Psychische Erkrankungen am Arbeitsplatz auf dem Vormarsch

Psychische Erkrankungen nehmen zu. Das beobachten Ärzte laut einer aktuellen SDK-Umfrage zunehmend und diagnostizieren immer häufiger „Burn-Out-Syndrom“.

Wenn psychische Erkrankungen mit dem Arbeitsplatz zusammenhängen, besteht nicht nur die Gefahr, dass der Mitarbeiter ausbrennt, sondern auch, dass Unternehmen wertvolle Mitarbeiter verlieren. Die von der SDK-Stiftung herausgegebene Publikation BLICKPUNKTE beleuchtet in ihrer jetzt erschienenen zweiten Ausgabe unter dem Titel „Vom Ausbrennen bedroht?“ das aktuelle Thema und zeigt Lösungswege für Unternehmen auf.

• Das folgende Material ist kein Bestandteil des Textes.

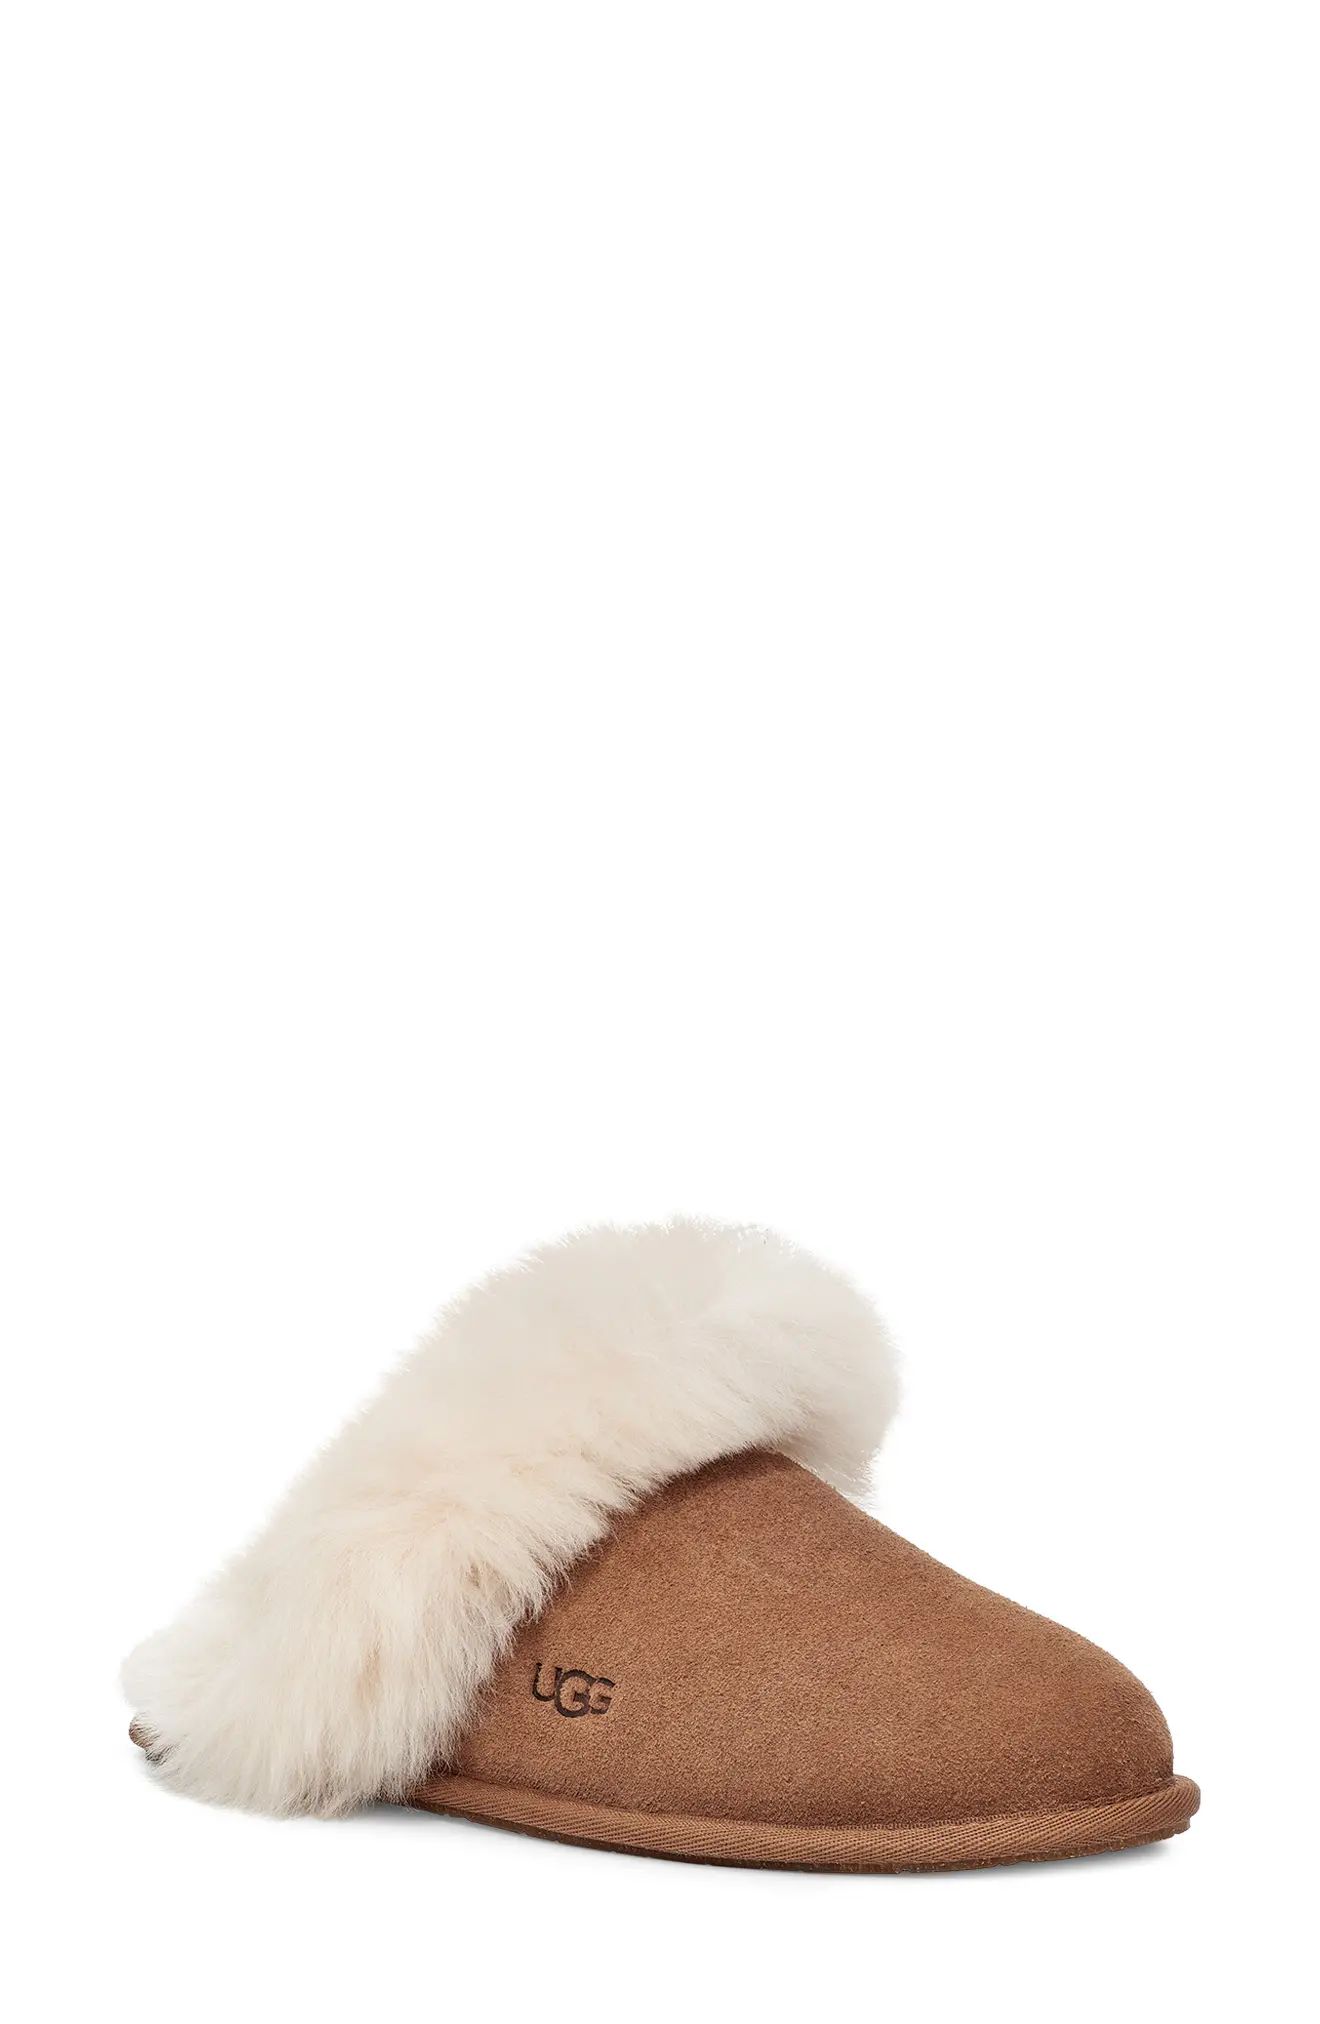 UGG(R) Scuff Sis Genuine Shearling Mule Slipper, Size 5 in Chestnut at Nordstrom | Nordstrom
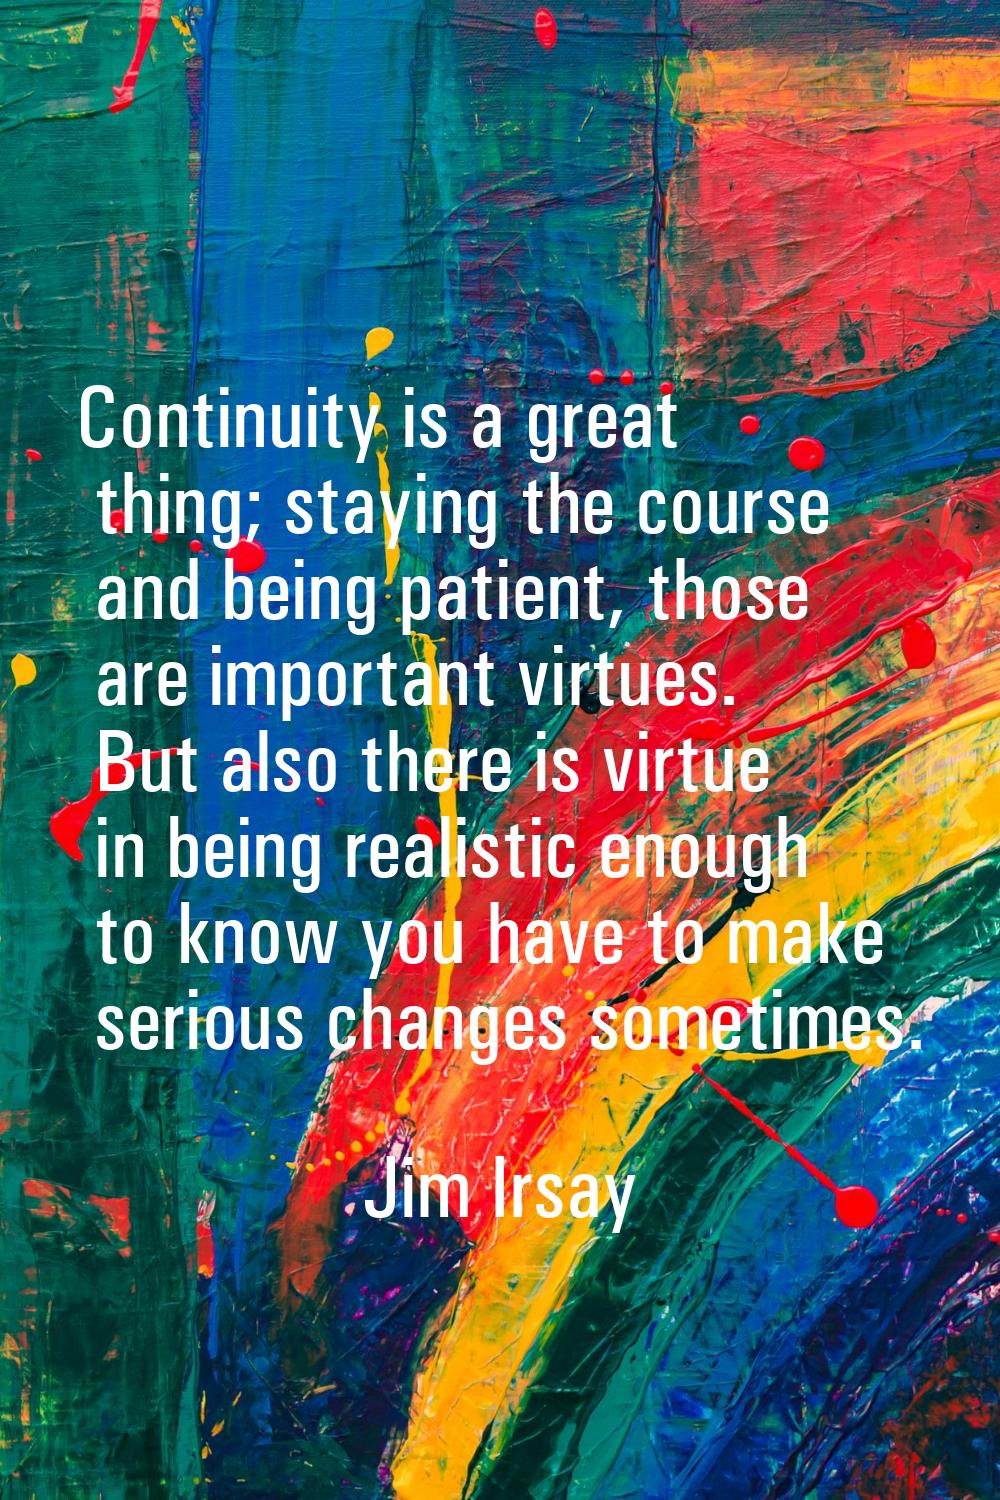 Continuity is a great thing; staying the course and being patient, those are important virtues. But

Psychische Erkrankungen, die durch zu hohe Arbeitsbelastung, falsche Arbeitsweisen oder Arbeitsumfeld entstehen, sind keine temporäre Modeerscheinung. Vielmehr bestätigen 94 Prozent der von der SDK-Stiftung befragten niedergelassenen Ärzte, dass die Häufigkeit solcher Diagnosen in den letzten fünf Jahren deutlich zugenommen hat. „Wir haben es bei psychischen Erkrankungen mit einer ernstzunehmenden Entwicklung zu tun“, bekräftigt Klaus Henkel, Kuratoriumsvorsitzender der SDK-Stiftung. „Wir kennen zwar alle die prominenten Burn-Out-Fälle von Skispringer Sven Hannawald oder Fußball-Trainer Ralf Rangnick, die tatsächlichen Ausmaße der psychisch erkrankten Arbeitnehmer in Deutschland ist jedoch erschreckend und hier müssen Konzepte auf den Tisch, wie man den Betroffenen Hilfestellung anbieten kann“.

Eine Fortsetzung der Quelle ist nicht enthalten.